Sonder: The profound feeling of realizing that everyone, including strangers passed in the street, has a life as complex as one’s own, which they are constantly living despite one’s personal lack of awareness of it.
I feel like everyone is a little self centered.
Now, I don’t mean selfish. Selfish in my mind means lacking empathy toward the people around you. Self centered on the other hand means that you think of life as a story in which you are the main character, which is fine. I feel like if we spent all our time thinking about the big picture and how we’re just minor characters in a big chaotic story that has absolutely no direction, we’d all be in bed having an existential panic attack 24/7.
It’s okay to be self centered. That just means that once in awhile you’ll experience sonder.
According to Wikipedia, sonder was a word created in 2012 as part of the Dictionary of Obscure Sorrows. I absolutely love this word because it’s definitely weird to think about how other people, people who have nothing to do with me, have lives just as fantastic and weird as mine. To them, the story is about them and that is just bizarre to think about.
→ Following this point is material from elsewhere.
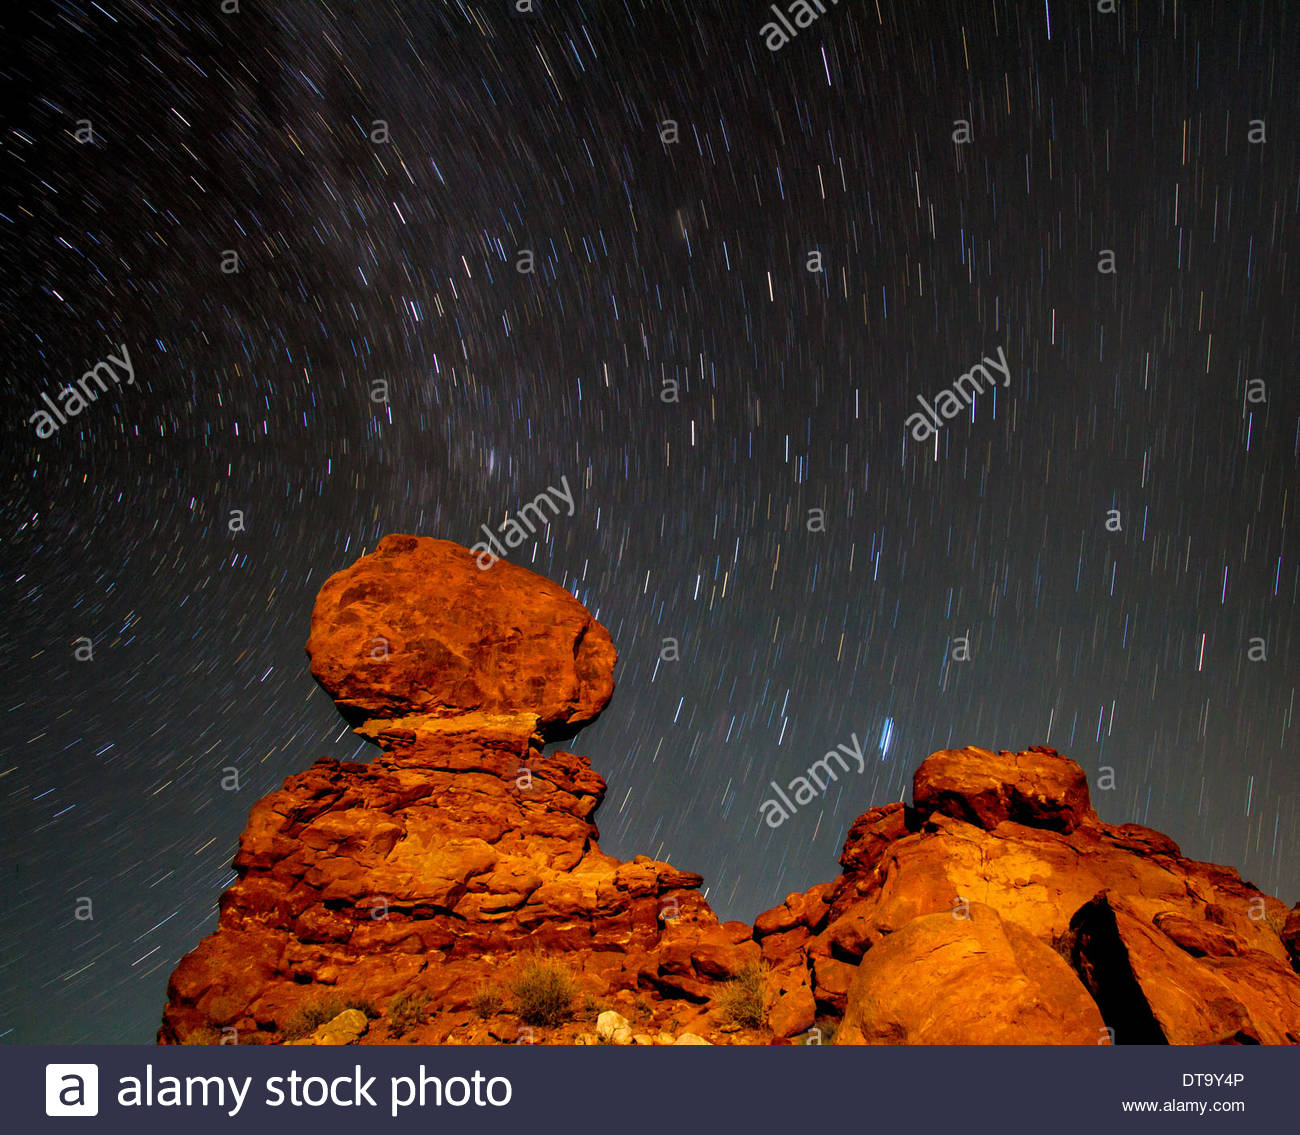 Stars Over Balanced Rock, Arches National Park, Utah, USA - Stock Image
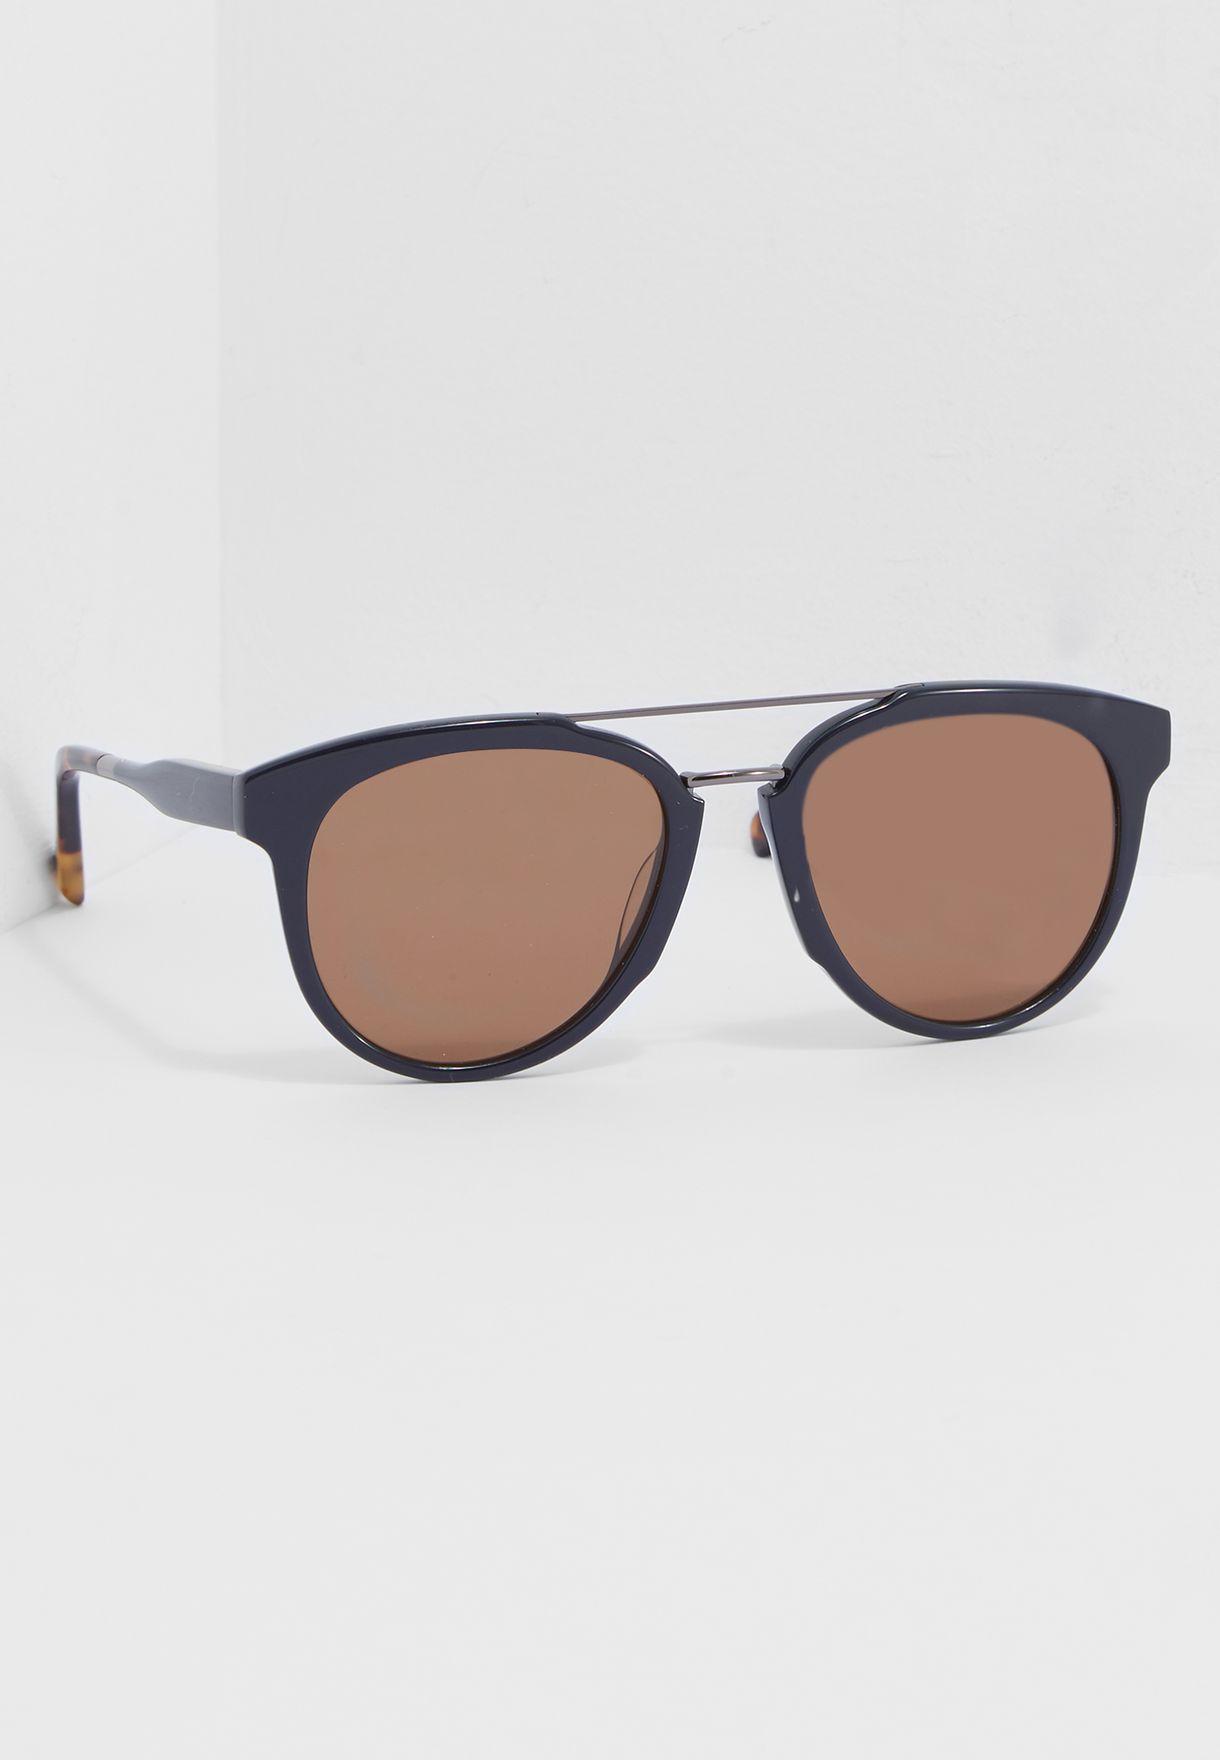 df3cd4f9d75 Shop Salvatore ferragamo navy Casual Sunglasses SF865S-414 for Men in Kuwait  - SA277AC60UTJ

There is a teenage boy who rides the bus right around the same time I do and he recently discovered Stephen King. He’s reading the Green Mile and we got to talking about King after he noticed that I was reading the Long Walk. I see him all the time, but never ask him about anything other than his current book. I sometimes think about him when I’m at home sorting through my bookshelf. Has he read this book? Does he like this author? Things like that.
Another familiar stranger in my life is a man and his four or five year old son. They will sometimes ride the bus with me in the mornings and they always stick out to me because of how cute the boy is. He always says goodbye to the bus driver and he loves to pull the cord when it’s time for them to get off the bus. Sometimes I think about them. Will the boy be going to school soon? Where does his dad work?
I know that I’m a familiar stranger in their lives, too. One day, I wore contacts to work and the little boy pointed it and told me I looked very nice. Another day, I stood up on the bus before it came to a complete stop and the little boy told me we weren’t supposed to stand up while the bus was moving. I sat back down immediately. When a little kid tells you you’re breaking a rule, you don’t argue.
It’s encounters like that that get me thinking about all the different versions of me out there in the world. Like you said, Daniel, there are people out there who remember us and probably wonder where we went when we leave. Those little kids at Big Al’s will always remember you as Dan the Man and nothing else. The woman at Petco will always remember you as Kyuzo’s dad. And, because of their memories, those versions of you will always exist, despite the fact you’ve moved on.
There are so many versions of each of us out in the world. It’s crazy to think about.
A few years ago I made the mistake of having a few too many beers at a bar and got sick in the parking lot. It’s very likely a stranger saw me and now I exist in that person’s mind as that drunk, party girl. They might never see me again, but a version of me lives on in their mind. Hell, I might even be an anecdote they share when the topic of alcohol comes up in conversation, despite the fact that I’m really not a party person at all.
But I am in their mind.
Another example would be my third grade teacher, Mrs. McCoy. She knew me for an entire school year so, of course, she got to know me a little better than the stranger in the bar parking lot. However, after I left her class, that version of me became stuck in her mind. Somewhere out there in the world, there is a woman who only knows me as a little seven year old girl who likes to read and doesn’t speak up a lot in class. If she met me now, heard how much I swear and saw all my tattoos, it might blow her mind.
It would also kill the version of me that lives in her mind. Kind of morbid to think about, right?
There must me hundreds of thousands of versions of me out there, living in people’s memories. Someone saw me slip on ice and now an incredibly clutsy version of me exists. Someone saw me crying on the bus and now a very sad, helpless version of me exists. Someone saw me out for a run and now an athletic version of me exists.
It’s bizarre to think about, isn’t it?